Pour ce faire, le candidat communiste à l’élection présidentielle « assume pleinement de revenir à une économie dirigée et planifiée. Sur le plateau de la matinale de Public Sénat, spéciale présidentielle, il annonce une nouvelle mesure de son programme à destination des TPE et PME. « C’est la proposition d’un prêt bonifié à taux négatif. C’est comme le PGE (prêt garantit par l’Etat) sauf que les entreprises, lorsqu’elles solliciteront ce prêt, elles n’en rembourseront pas la totalité ».

En contrepartie, les dirigeants de ces entreprises devront « s’engager à maintenir l’activité, à augmenter les salaires, à investir », liste-t-il.
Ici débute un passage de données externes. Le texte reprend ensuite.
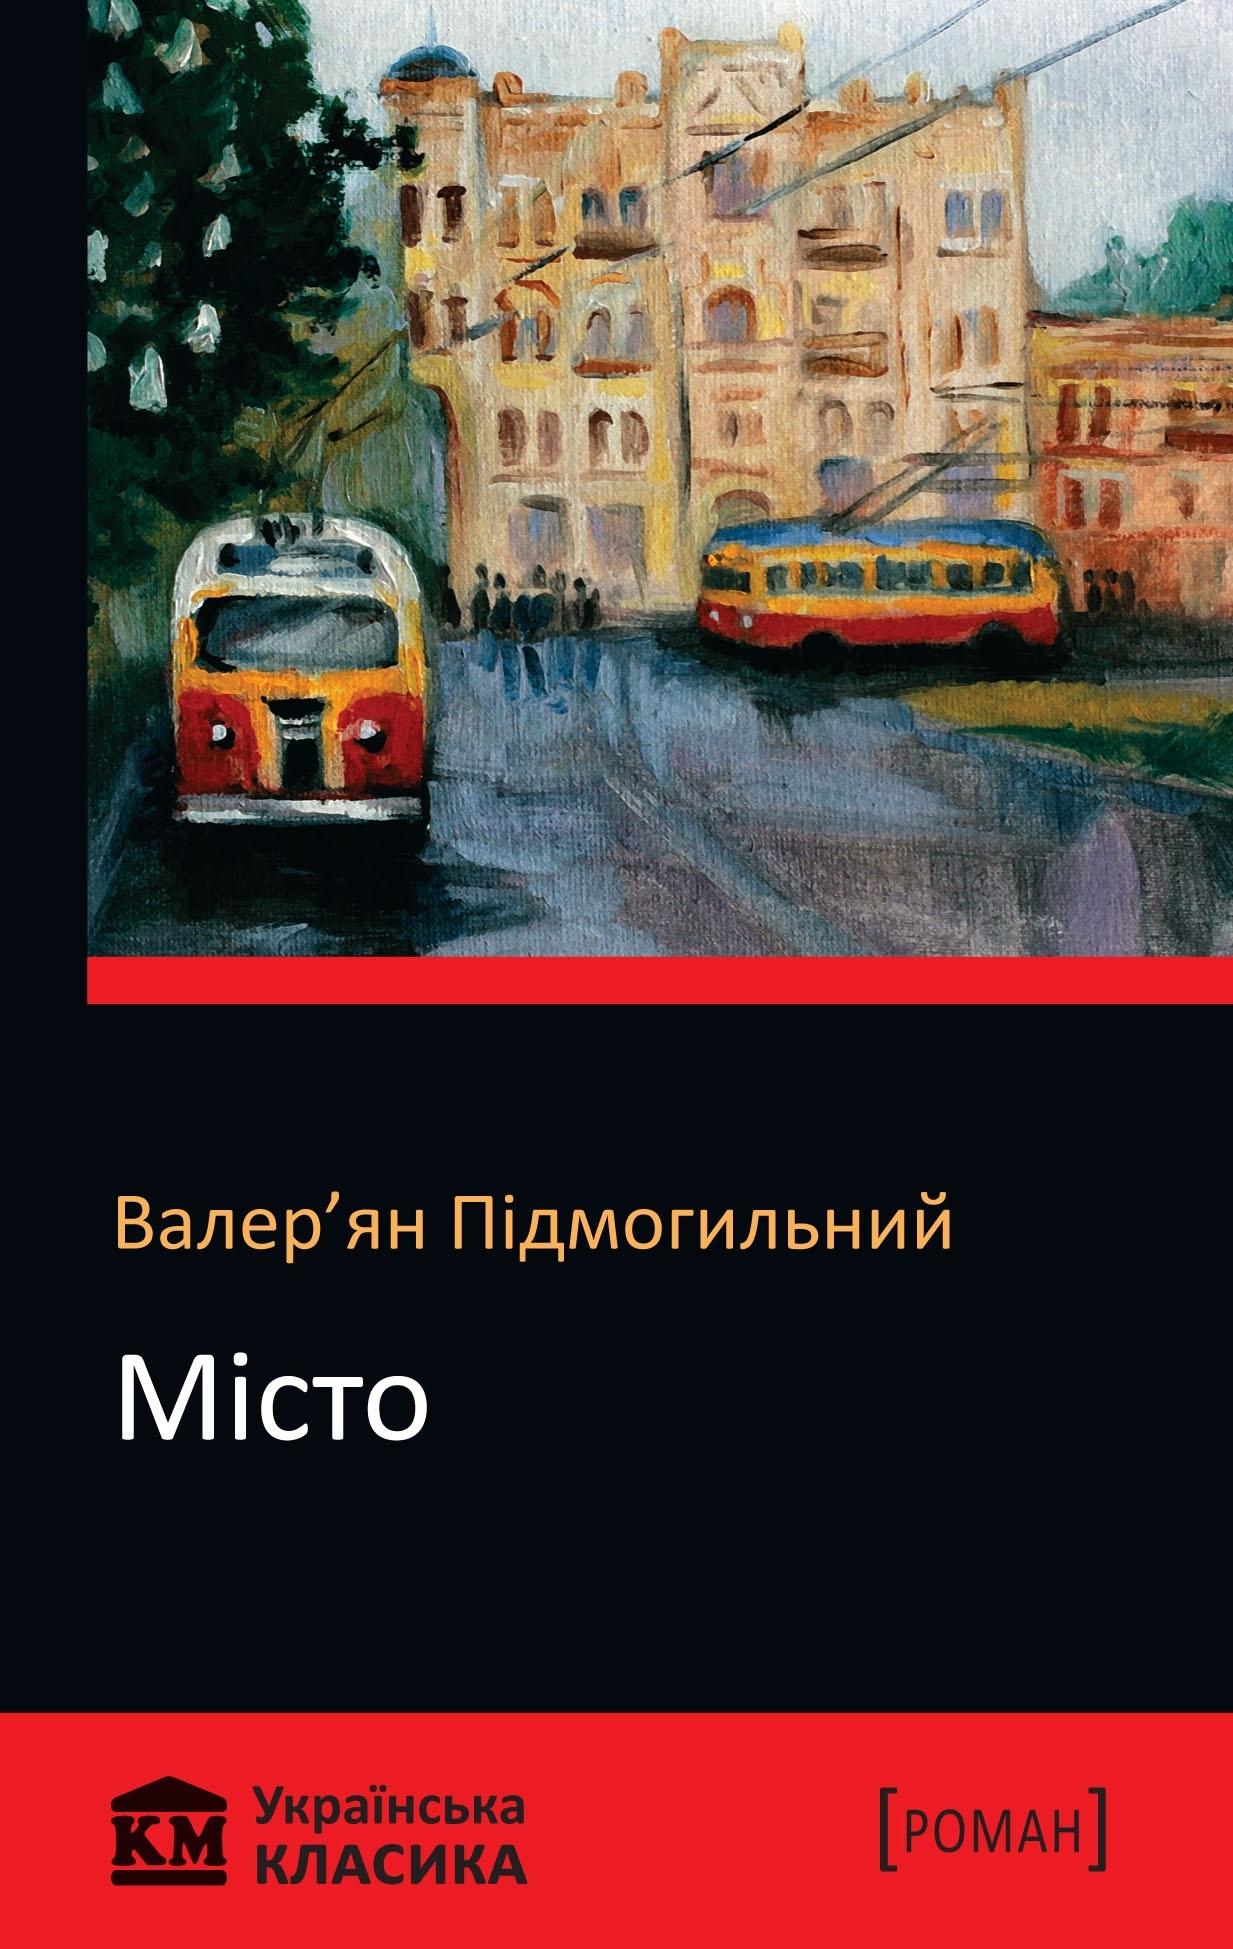 Отзывы о книге Місто 7a513b4b8a78d

Les entreprises pourront faire cette demande de prêt auprès d’une banque publique « et l’Etat s’engage à l’accompagner et même à rajouter de l’argent » pour que les entreprises n’aient pas à en rembourser la totalité « donc c’est un prêt à taux négatif ».

Fabien Roussel chiffre cette mesure à 200 milliards. En comparaison, il rappelle que les entreprises ont déjà consommé 160 milliards de PGE. « Moi, je suis aussi ambitieux » […] « On va remettre de l’essence dans le moteur de l’économie », s’enthousiasme-t-il.